-- THE DATA follows --

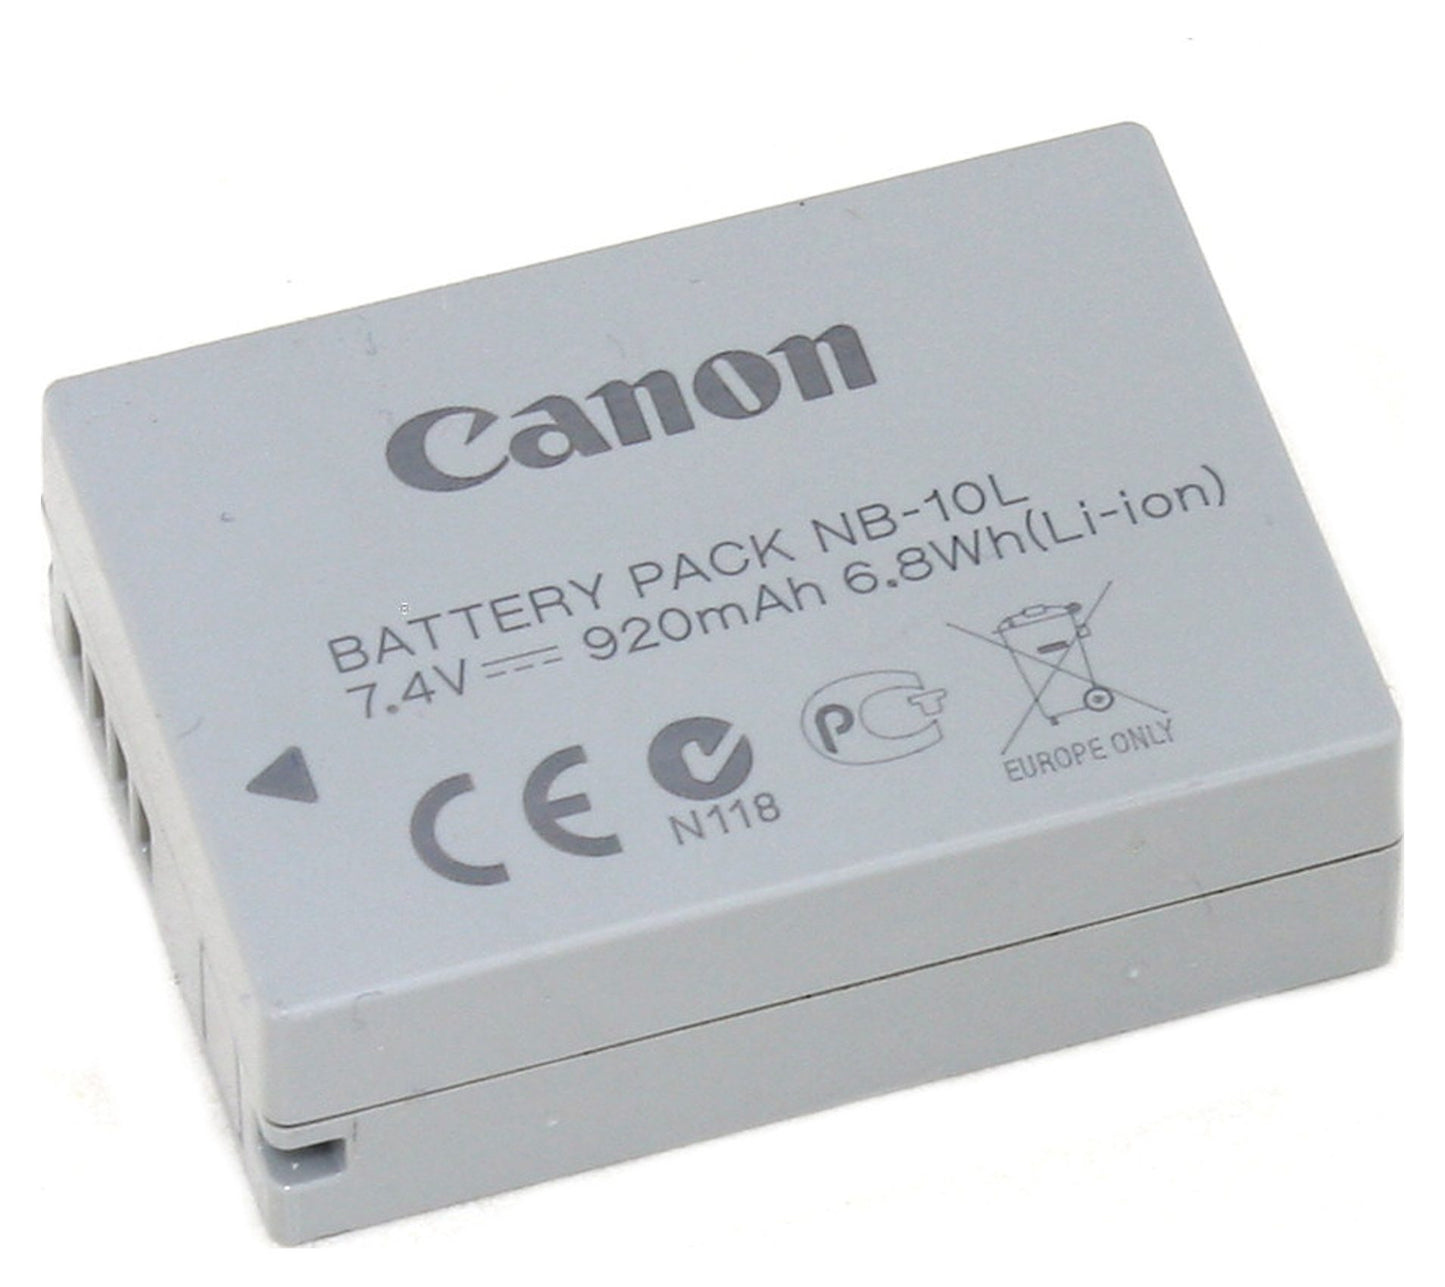 Pxel Canon NB-10L Replacement Lithium-Ion Rechargeable Battery 7.4V 920mAh for Powershot SX40/SX50/SX60 HS and G15 (Class A)
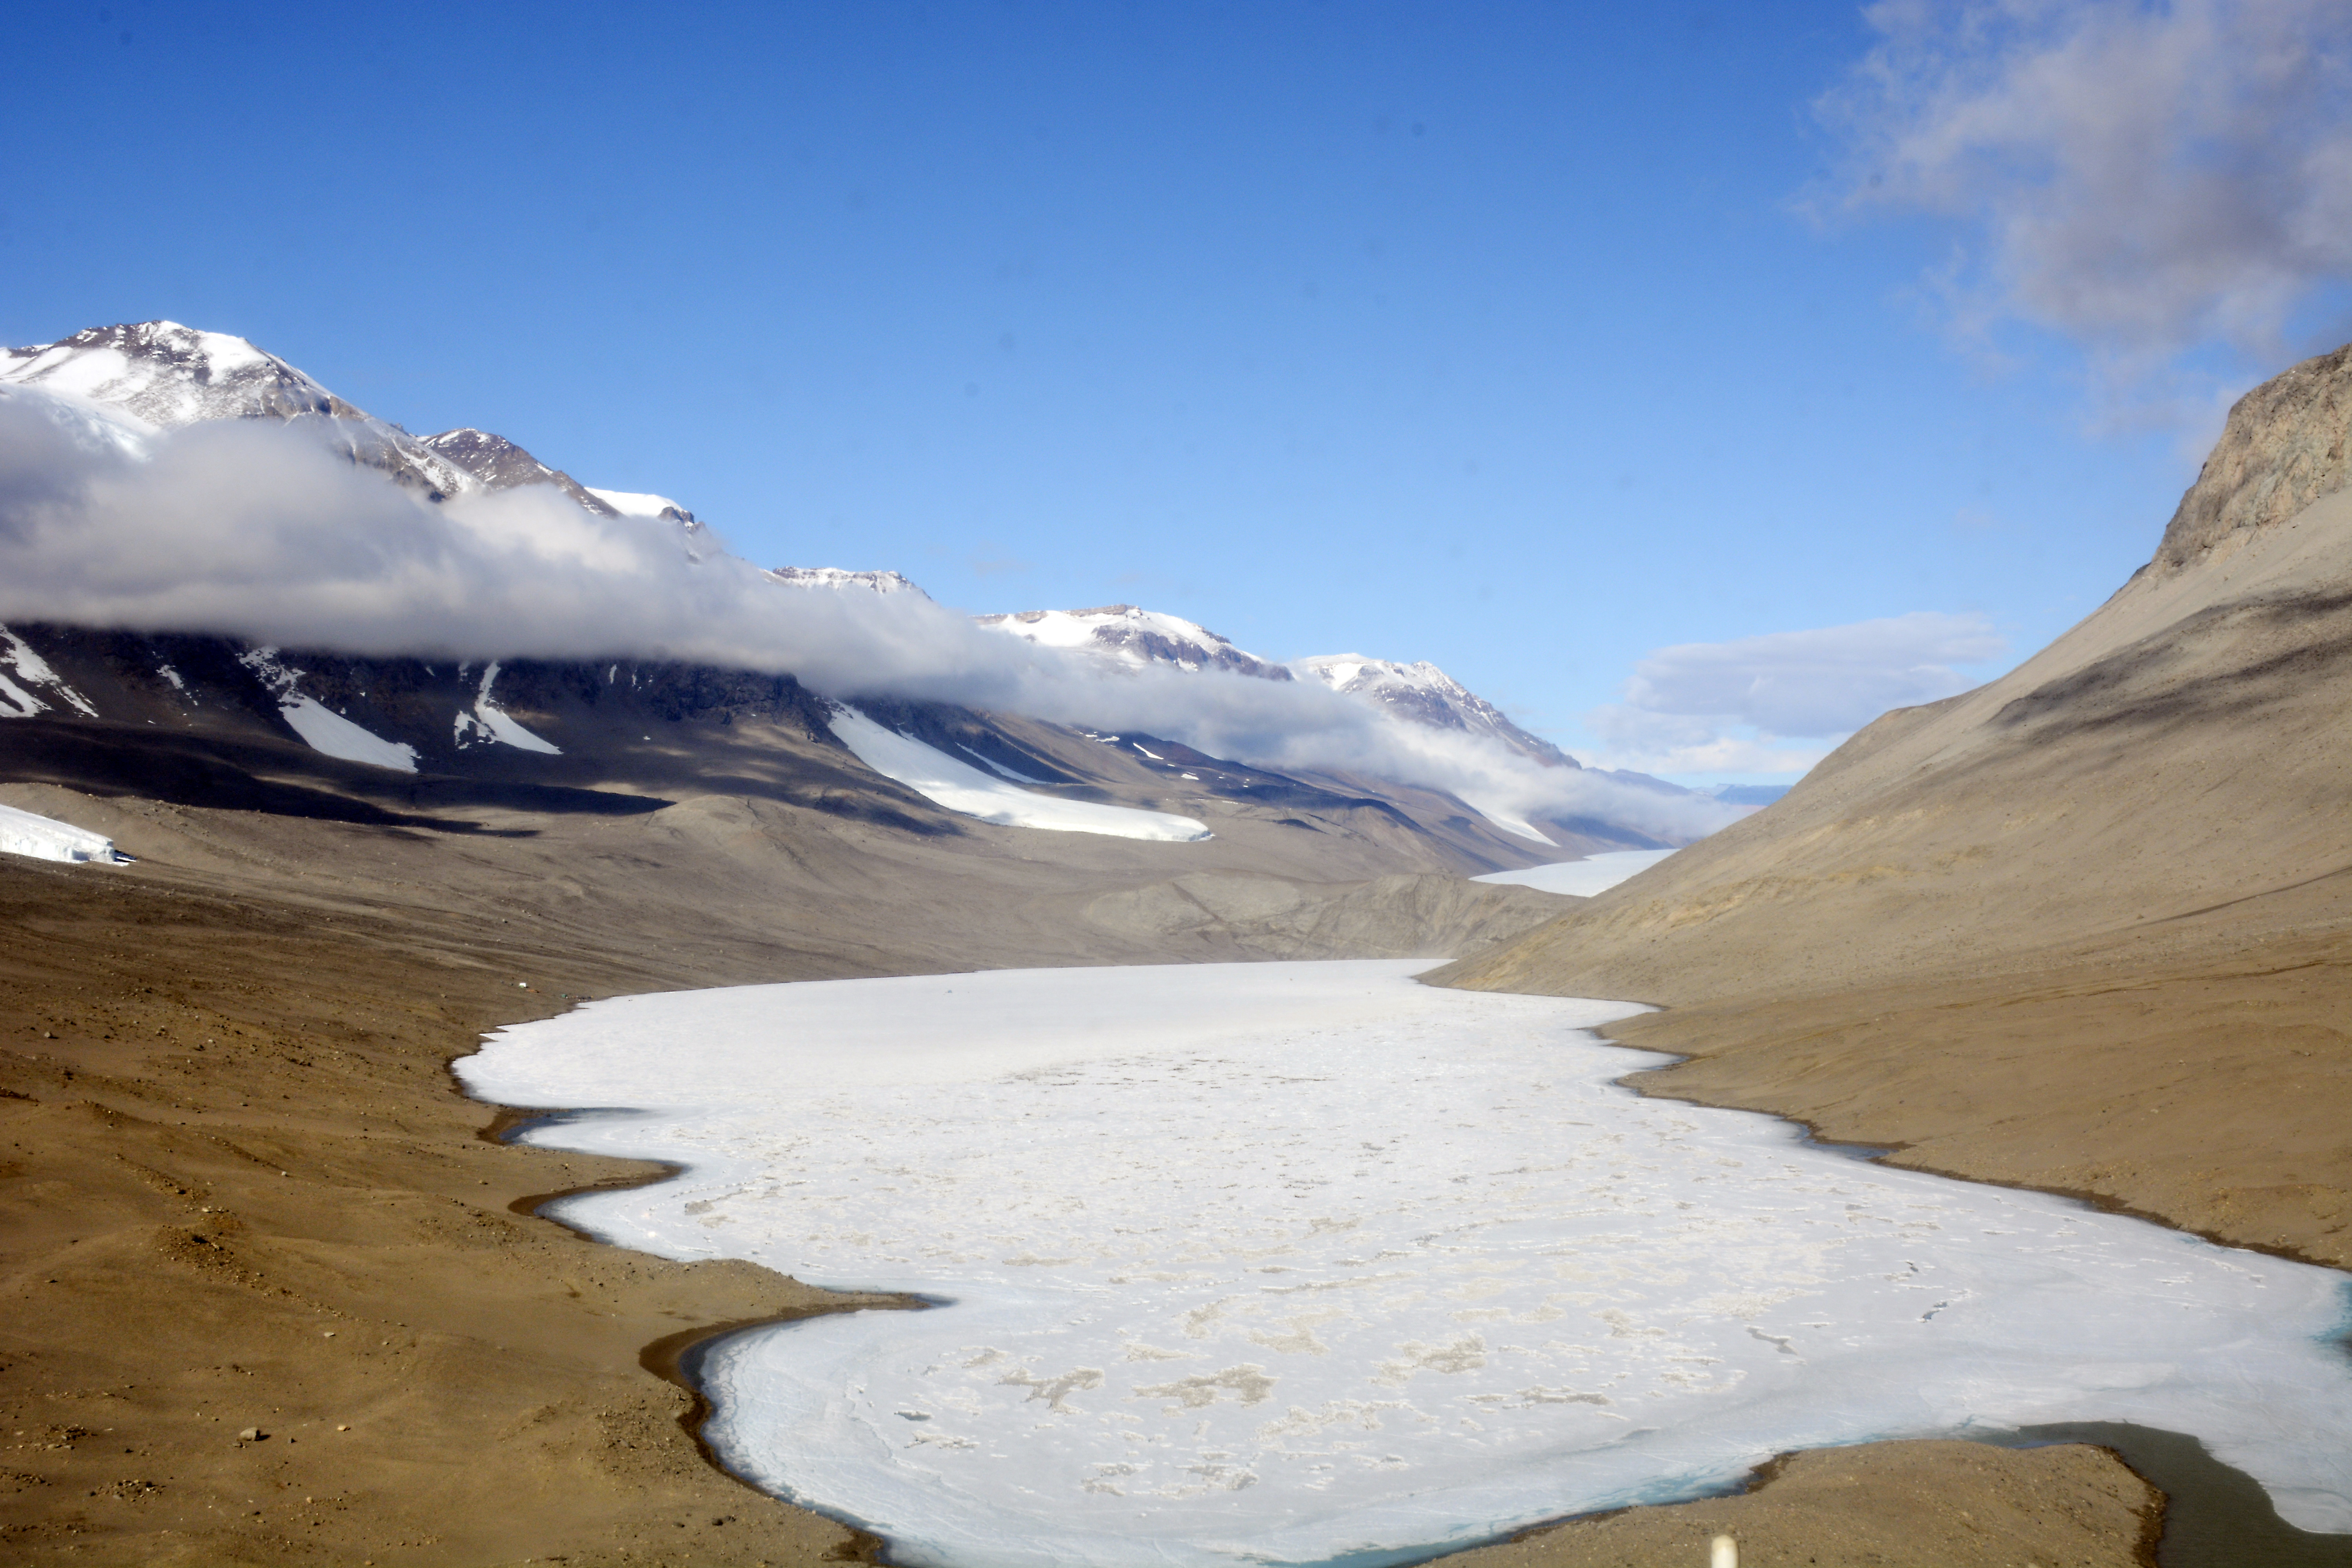 An ice-covered lake sits in a barren valley.
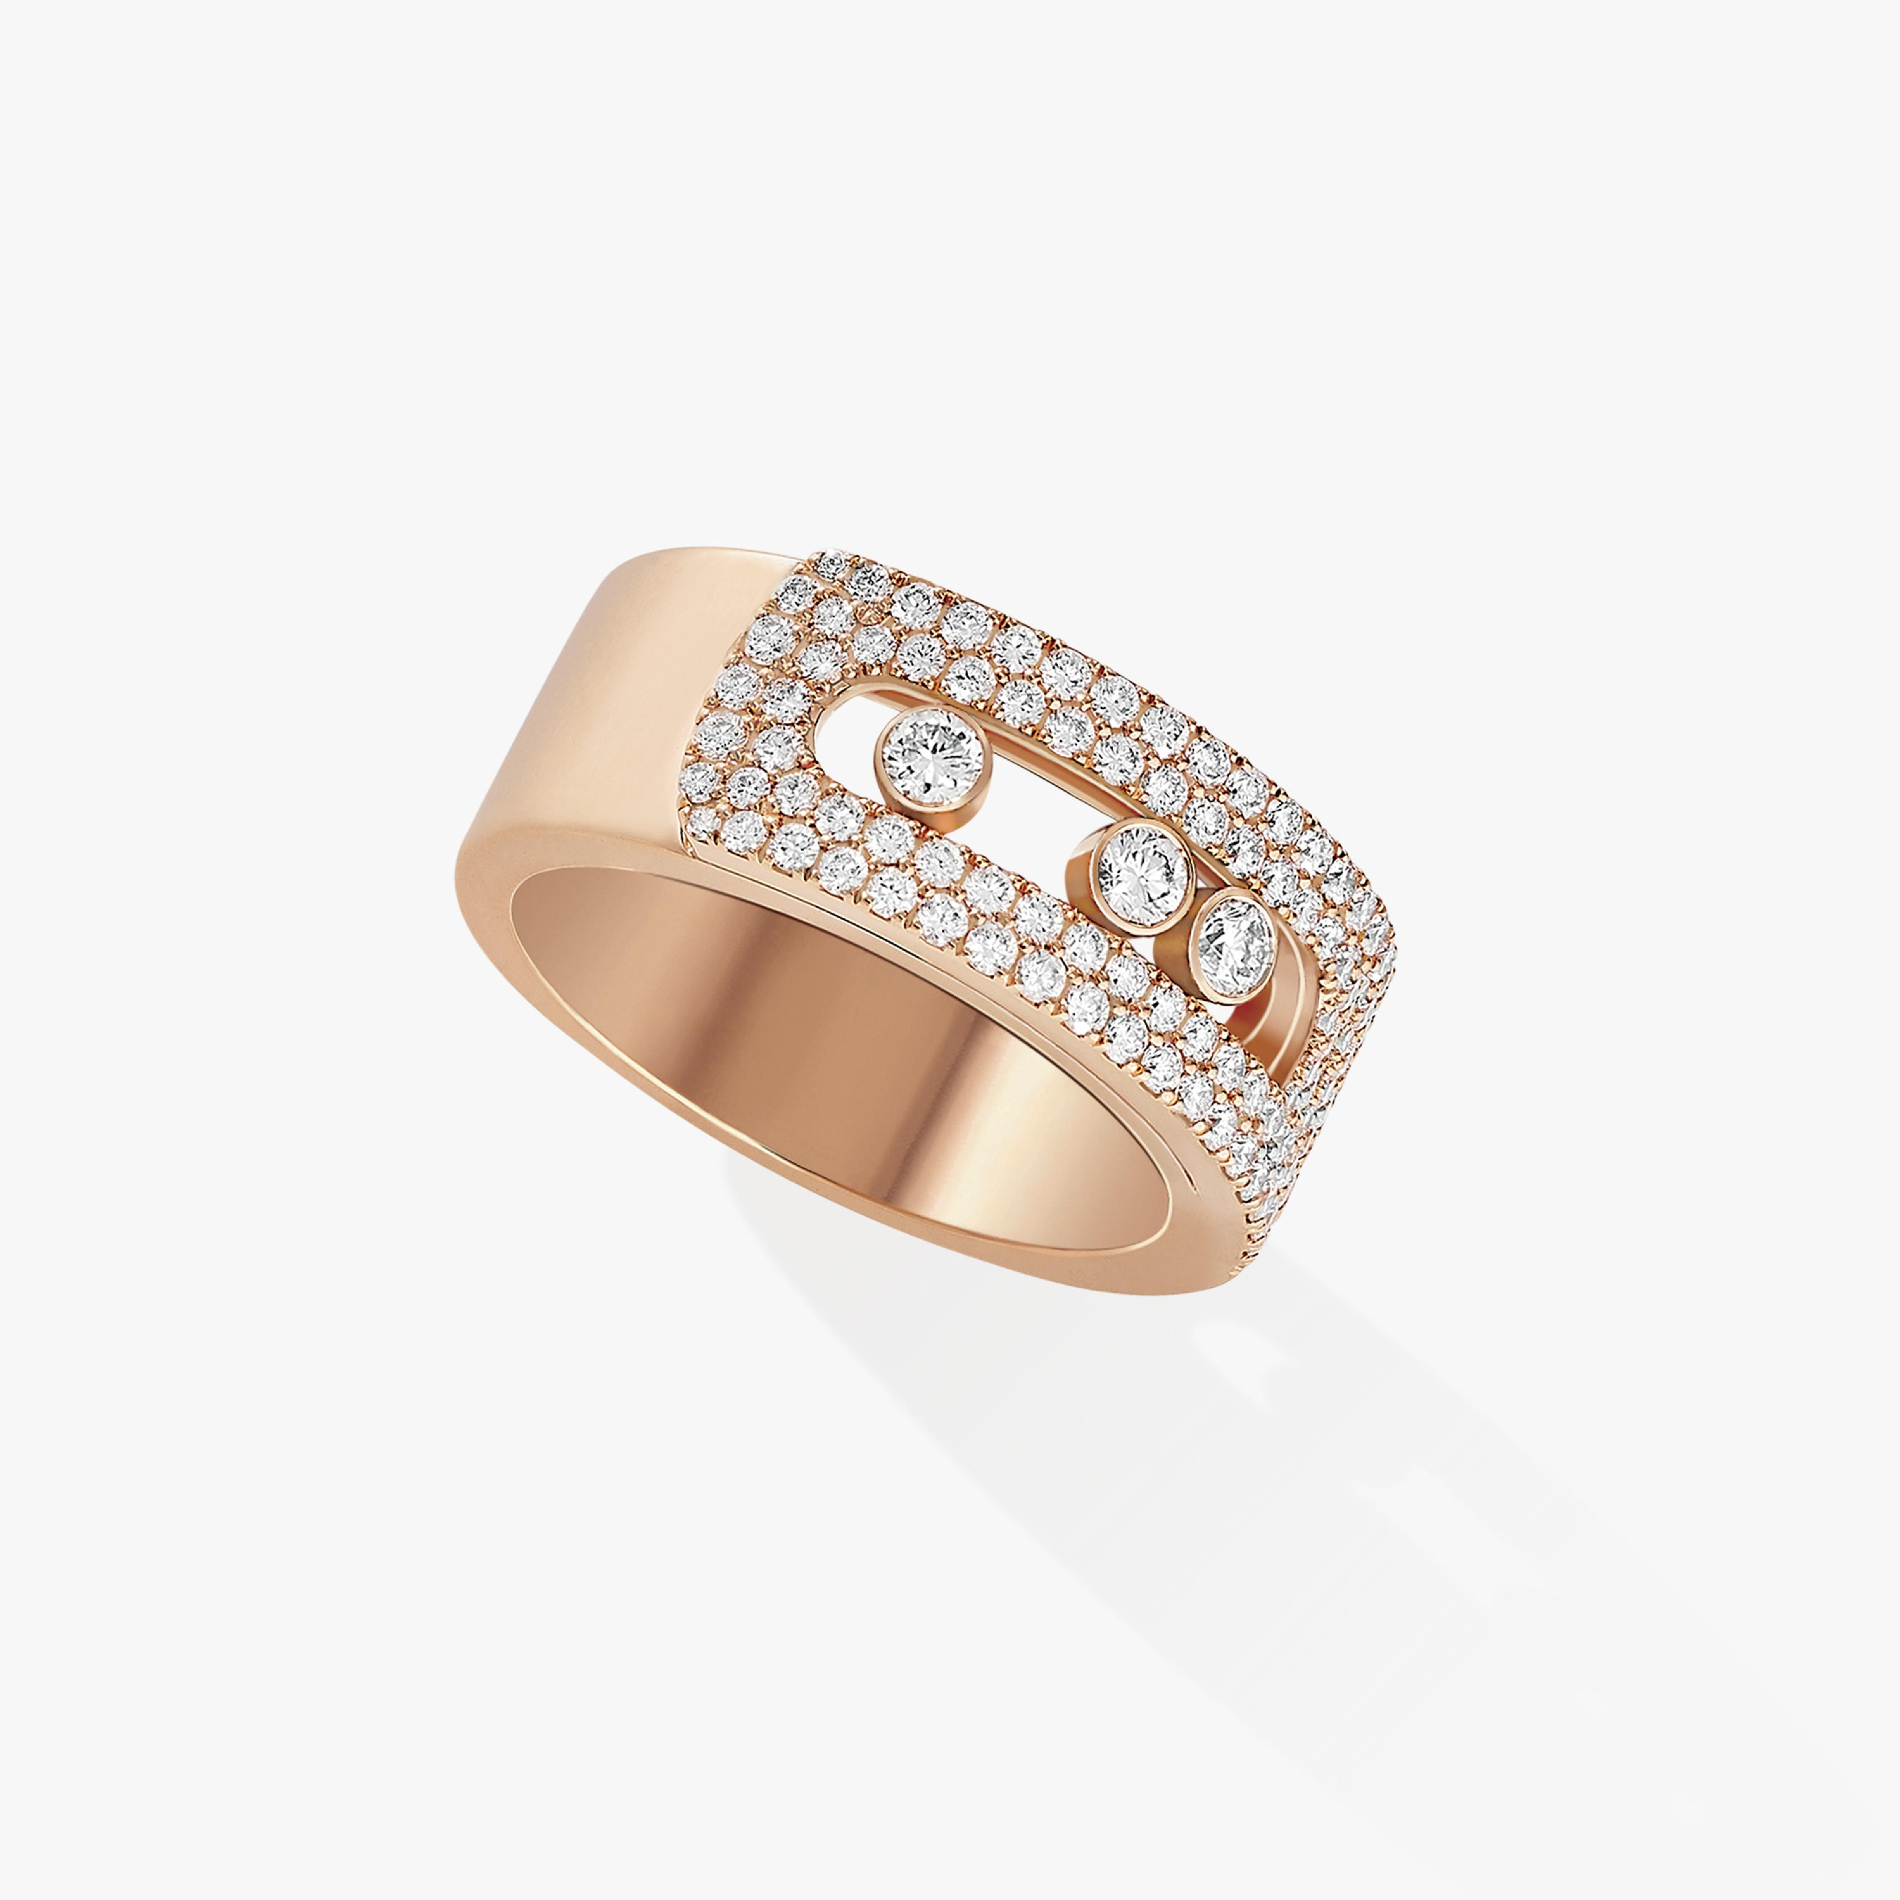 Move Noa LM Pavé  Pink Gold For Her Diamond Ring 10102-PG

-- THE DATA concluded --

TASK BRIEF: Transcribe the preceding listing in its entirety and with exact wording, leaving out pictures.

REPLY:
 Pxel Canon NB-10L Replacement Lithium-Ion Rechargeable Battery 7.4V 920mAh for Powershot SX40/SX50/SX60 HS and G15 (Class A)
 An ice-covered lake sits in a barren valley.
 Move Noa LM Pavé  Pink Gold For Her Diamond Ring 10102-PG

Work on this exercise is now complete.